The difference in this recipe is the usage of roasted poppy seeds along with cardamom, cinnamon and clove. That really give it a nutty taste and enhances the roast effect. Though I managed to click a step wise pictures, I was not able to click proper end picture. It was a hurried last minute capture before being passed on.
Chicken, cut into bite size – 250 gms
Onions – 1 big
Tomato, puree – 1 medium
Green Chilies – 2 medium
Ginger Garlic paste – 1/2 tsp
Red chili powder – 1 tsp
Coriander powder – 1 tsp
Turmeric powder a pinch
Poppy Seeds / Gasa gasa – 1 tbsp
Cloves – 2
Cinnamon – 2
Cardomon – 2
Roasted and powdered.
How to make the Chicken Fry
Wash and cut into bite size pieces. Drain in a colander.
Heat a kadai and dry roast the poppy seeds, cloves, cinnamon and cardamom. After couple of tossing around, remove and allow it to cool. Grind to a fine powder once it’s cooled.

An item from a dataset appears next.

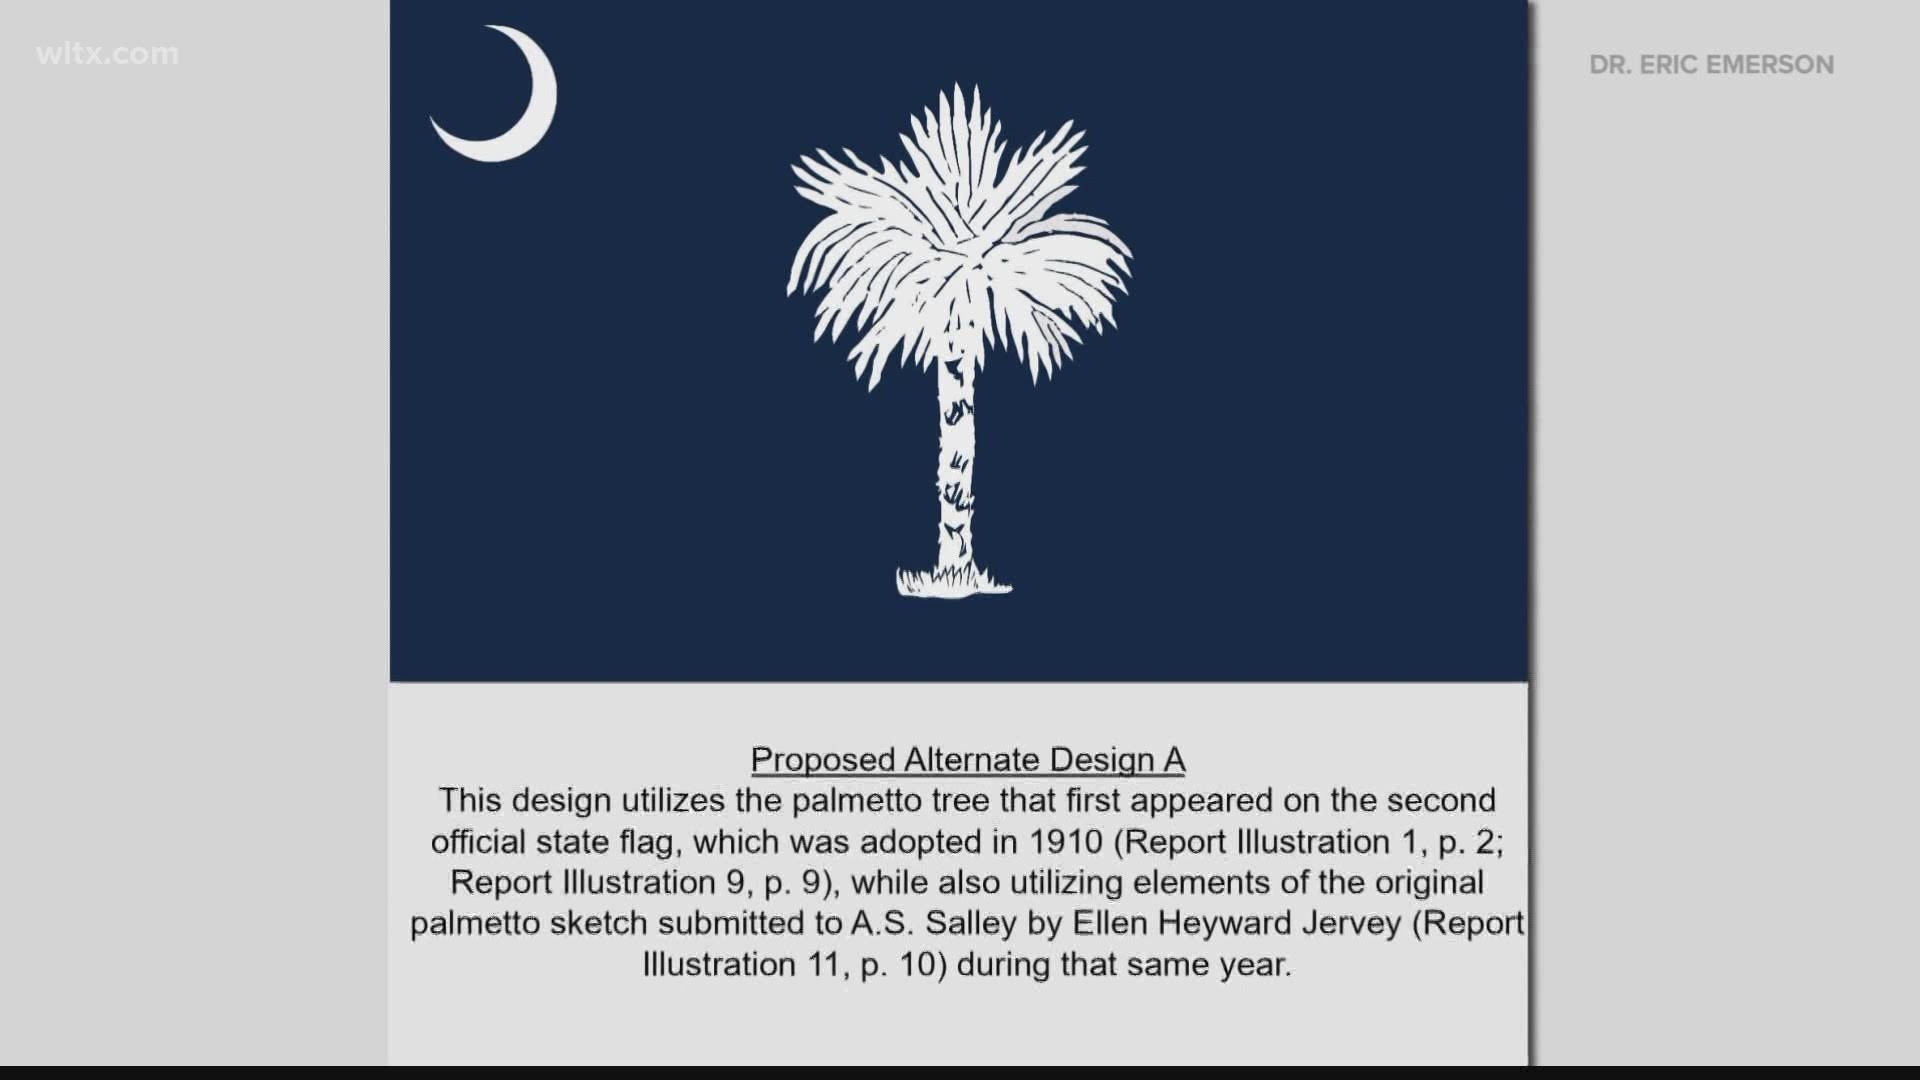 The design would set a design standard, which South Carolina currently lacks.

Add oil to the kadai, when hot add onions, chopped green chilies, saute well. When the onions turns colour, add ginger garlic paste. Cook for couple of mins.
Add the drained chicken, combine everything well and cook on high. Moisture starts coming out. Continue stirring, after 10 mins, add red chili powder, coriander powder. combine everything and continue cooking.
Next add the tomato puree, cook on high. Then add a cup of water and cover with lid. Simmer for 10 – 15 mins.
When the chicken is cooked and tender, saute in high for the moisture to evaporate. Remember this has to be almost dry, so continue until you find the moisture is all evaporated and nicely done.
Finally add the ground masala powder to the chicken and mix everything well. Cook for couple of mins, sprinkle coriander leaves and switch off.